→ SUPPLIED RECORDS:
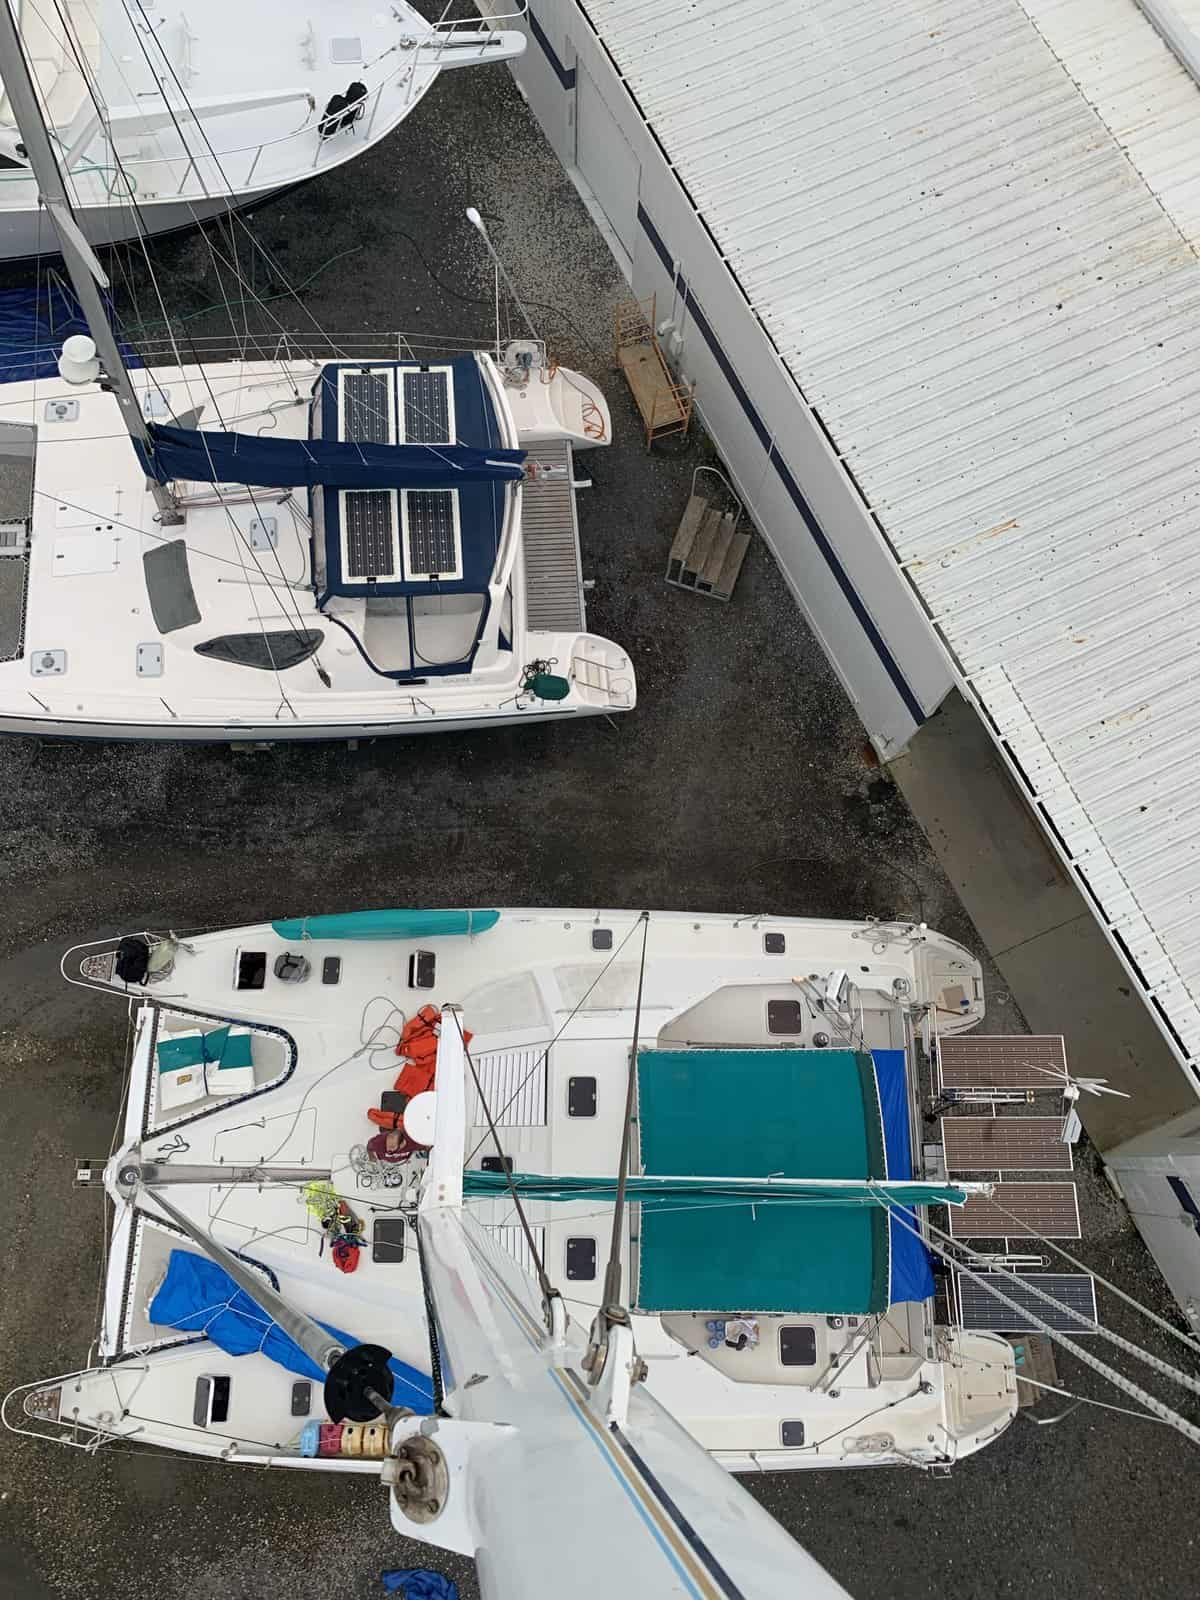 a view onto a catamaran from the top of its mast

--

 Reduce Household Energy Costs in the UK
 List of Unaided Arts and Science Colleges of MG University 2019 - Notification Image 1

→ EXERCISE: Take exactly the lines from the one containing "Reduce Household Energy Costs in the UK" through the one containing "List of Unaided" in the data above, and output them with nothing added.

→ WRITTEN SOLUTION:
 Reduce Household Energy Costs in the UK
 List of Unaided Arts and Science Colleges of MG University 2019 - Notification Image 1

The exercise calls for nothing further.